The effect of the PI3K/mTOR pathway depends on Rap1B. A, polarized neurons were incubated with the indicated concentrations of insulin (Ins, nm), rapamycin (nm, Rpmc), or LY294002 (μm, LY) for 10 h before the expression of Rap1B and RhoA was analyzed at 2.5 d.i.v. by Western blot. The loading of comparable amounts of protein was confirmed by staining with an anti-tubulin antibody. B, neurons were transfected on 0 d.i.v. with a vector for EGFP or HA-tagged Rheb (green) and the pSHAG RNAi vector (control) or an shRNA vector directed against Rap1B, and stained on 3 d.i.v. with the Tau-1 (blue) and anti-MAP2 (red) antibodies. C and D, the percentage of neurons without an axon (0), with a single axon (1), and with multiple axons (>1) (C) and the length of axons (D) are shown (mean±S.E.; ^*, p < 0.001 compared with control or between the values indicated by brackets; n > 100). The scale bar is 20 μm.

FIGURE 7.

Rap1B acts downstream of mTOR and Rheb.
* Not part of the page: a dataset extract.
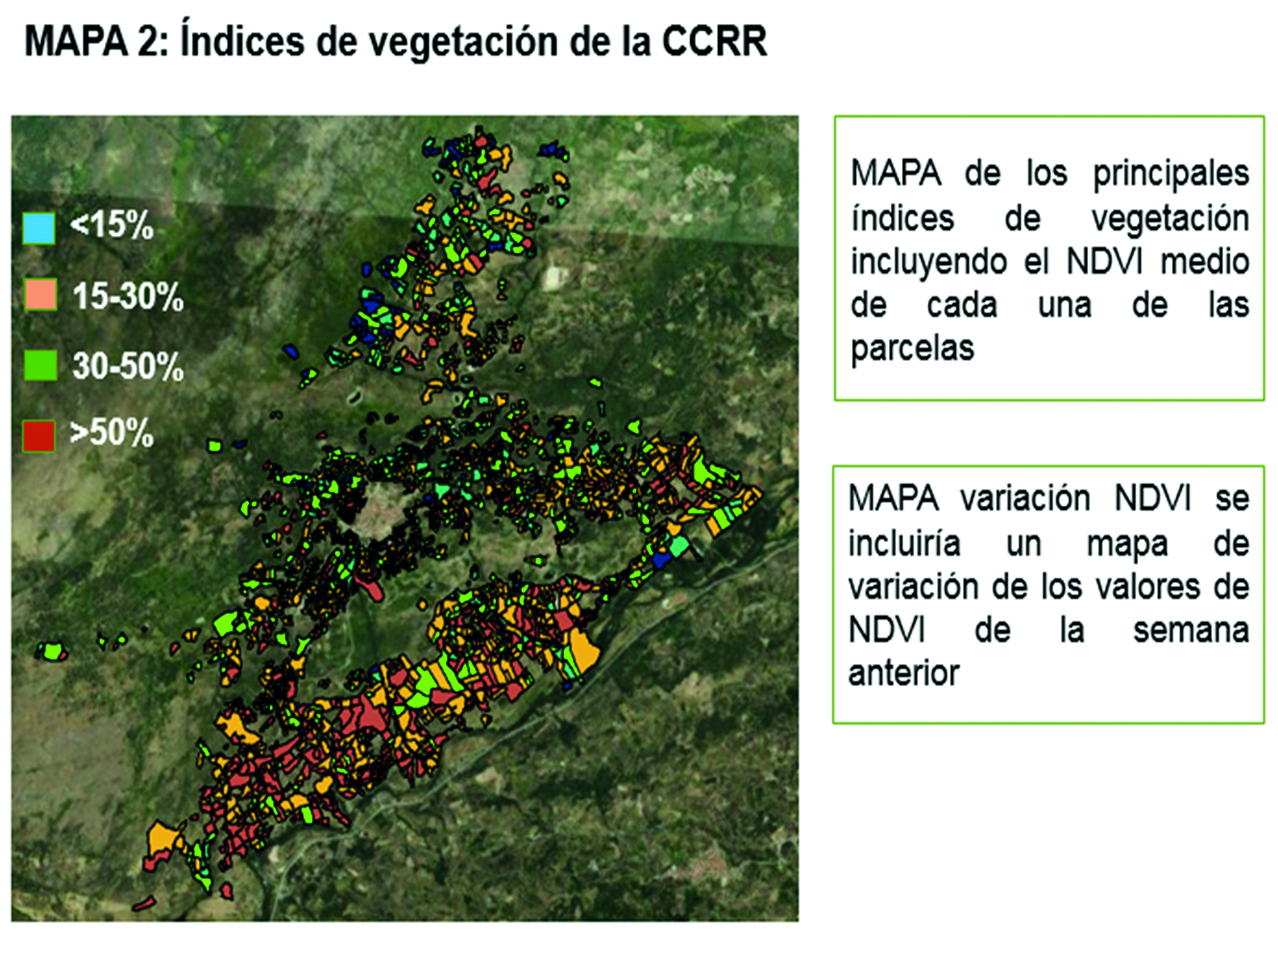 MAPA 2. INDICES DE VEGETACION DE LA CCRR
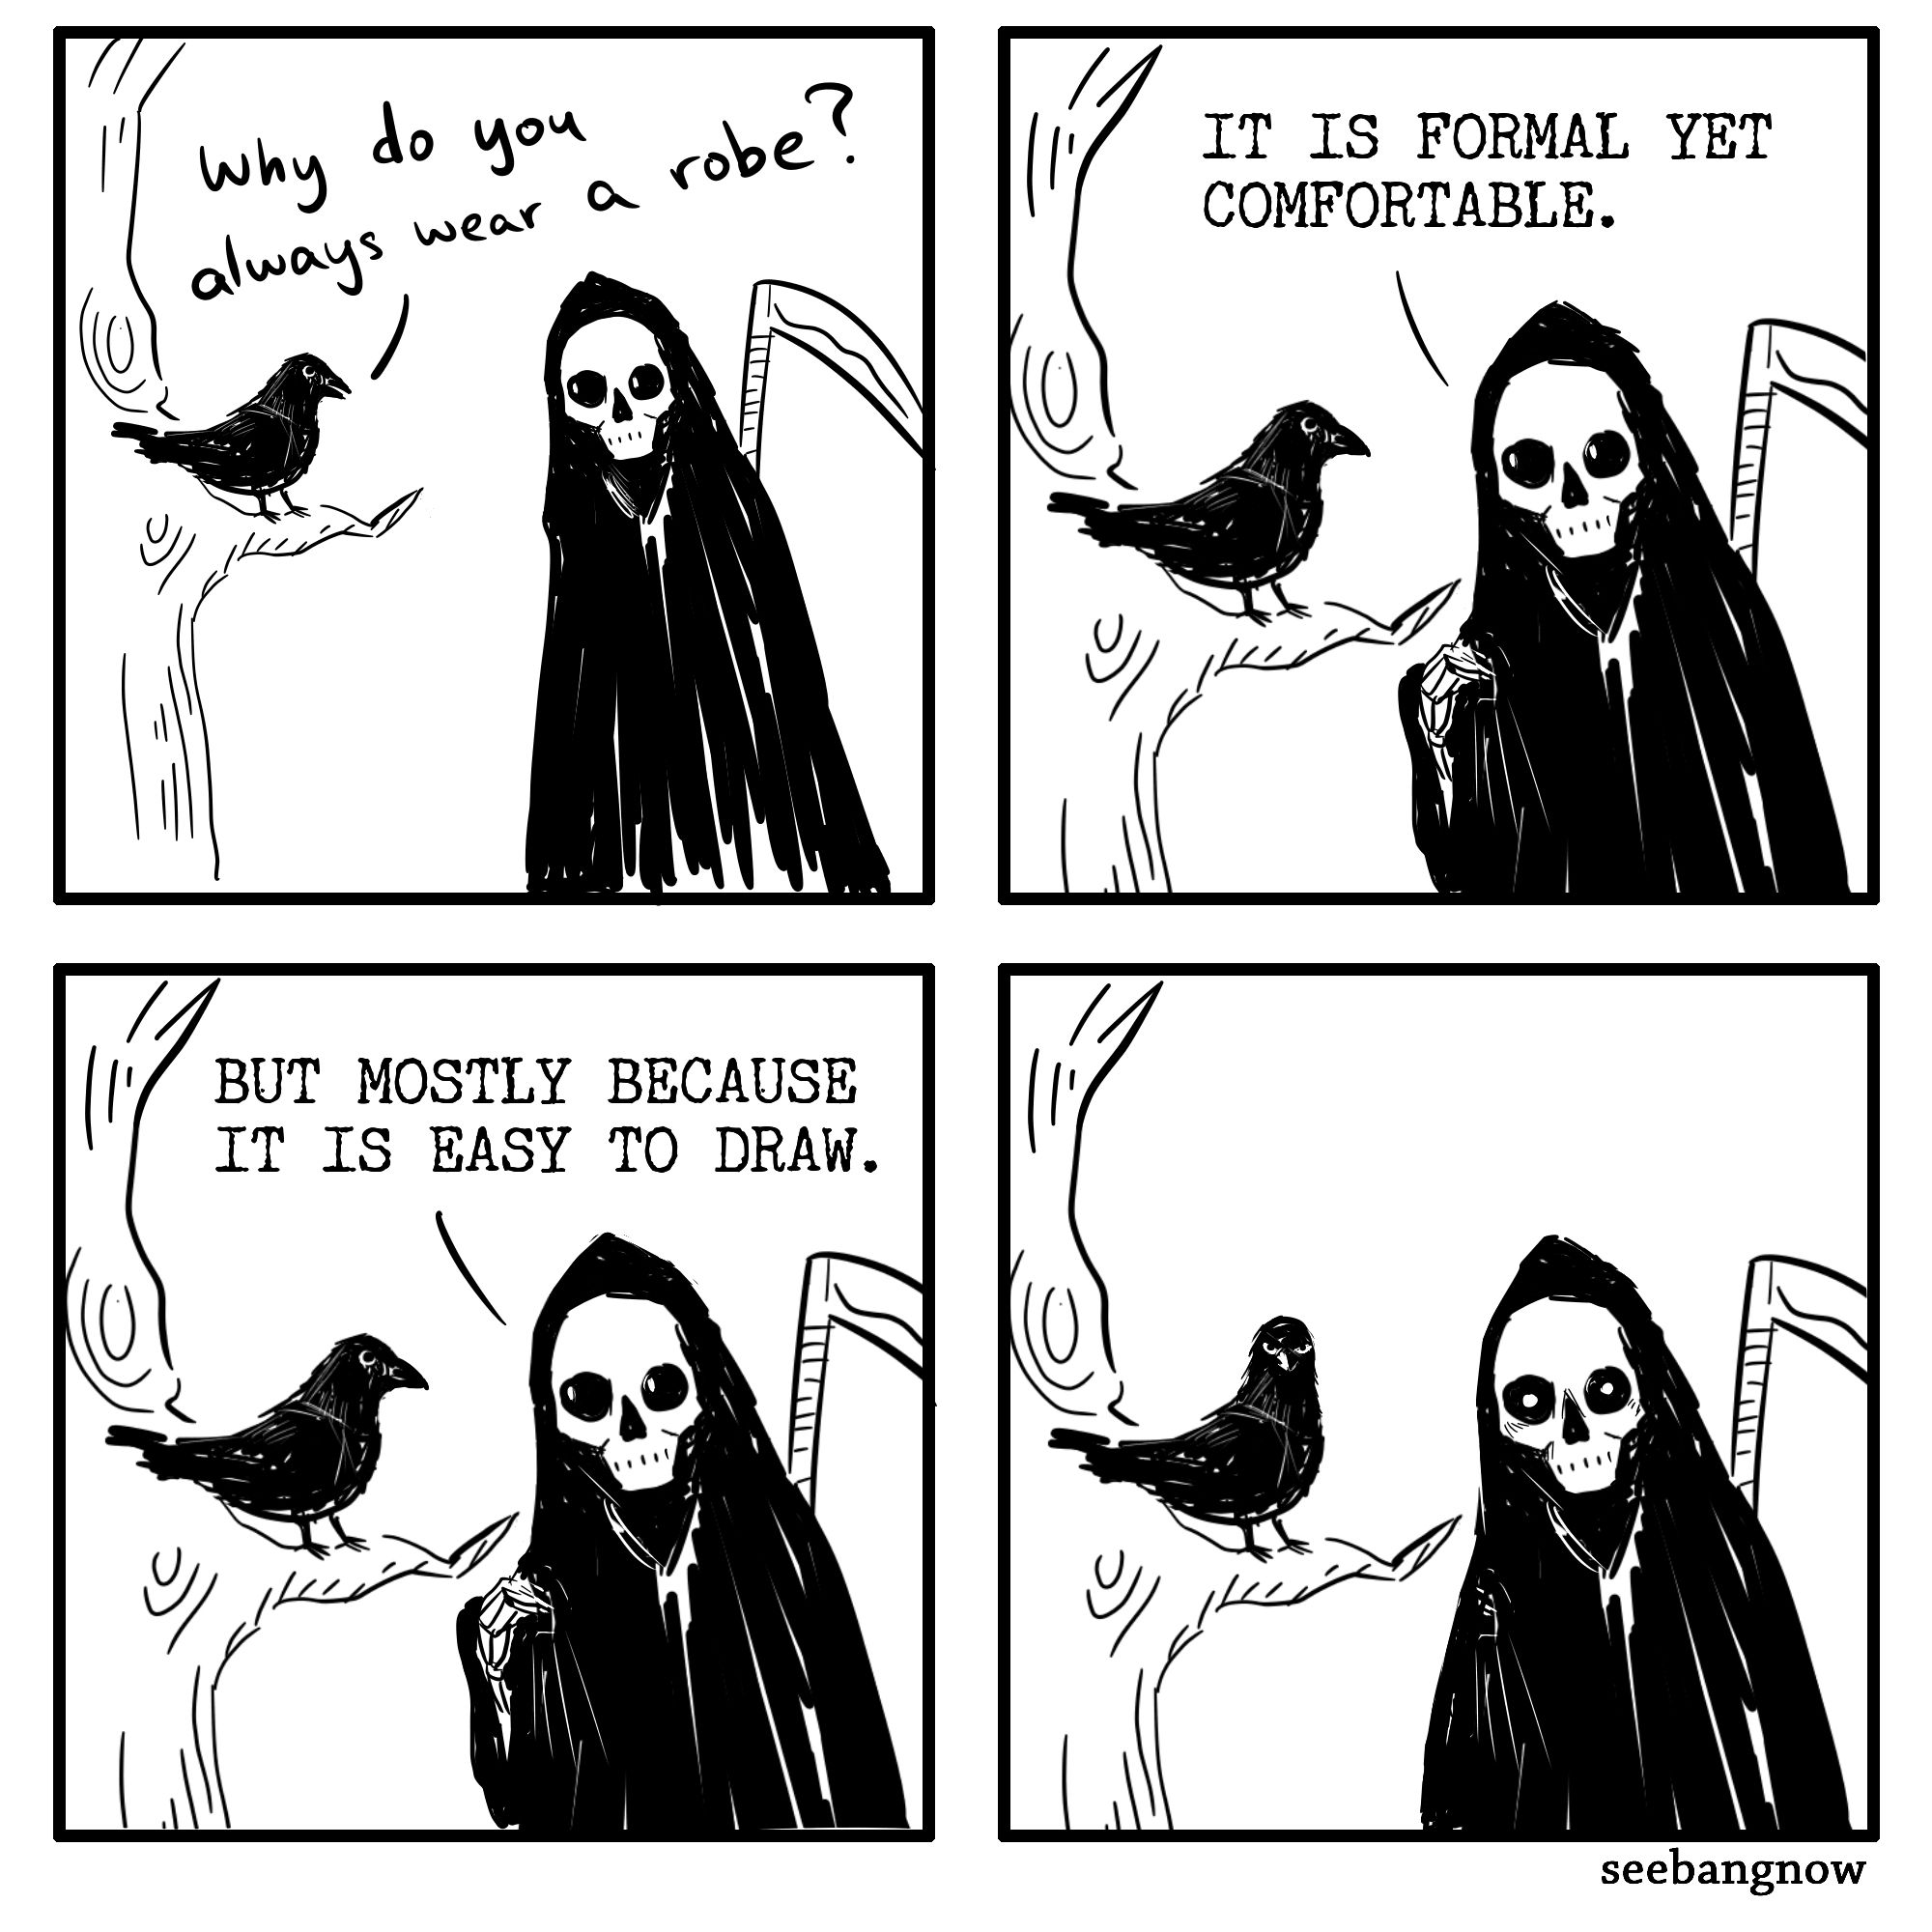 Death's robes

A, neurons were transfected on 0 d.i.v. with a vector for EGFP or myc-tagged Rap1BV12, treated with solvent (DMSO) or rapamycin (Rpmc) after transfection, and stained on 3 d.i.v. with the Tau-1 and an anti-MAP2 antibody. The percentage of neurons without an axon (0), with a single axon (1), and with multiple axons (>1) (B) is shown (mean ± S.E.; ^*, p < 0.001 compared with solvent (DMSO) or between the values indicated by brackets; n > 100). B, neurons were transfected on 0 d.i.v. with a vector for EGFP (control) or myc-tagged Rap1BV12 (green) and the pSHAG RNAi vector (control) or an shRNA vector directed against Rheb (Rheb RNAi) as indicated, and stained on 3 d.i.v. with the Tau-1 (blue) and an anti-MAP2 antibody (red). C, the percentage of neurons without an axon (0), with a single axon (1), and with multiple axons (>1) is shown (mean ± S.E.; ^*, p < 0.001 compared with control or between the values indicated by brackets; n > 100). The scale bar is 20 μm.

FIGURE 8.

Suppression of Smurf2 rescues the loss of Rheb. A and B, neurons were transfected on 0 d.i.v. with a vector for EGFP (green) and shRNAs directed against Rheb (Rheb RNAi, RB), Smurf2 (Smurf2 RNAi, S2) as indicated. As controls, vectors for shRNAs containing mismatches to the target sequence that do not suppress Rheb (Rheb RNAi mut, control in A and B) or Smurf2 (Smurf2 RNAi mut, control in A and in B) were used. Neurons were stained on 3 d.i.v. with the Tau-1 (blue) and an anti-MAP2 antibody (red). Axons are marked by asterisks. B, the percentage of neurons without an axon (0), with a single axon (1), and with multiple axons (>1) is shown (mean ± S.E.; ^*, p < 0.001 compared with control (Rheb RNAi mut + Smurf2 RNAi mut)).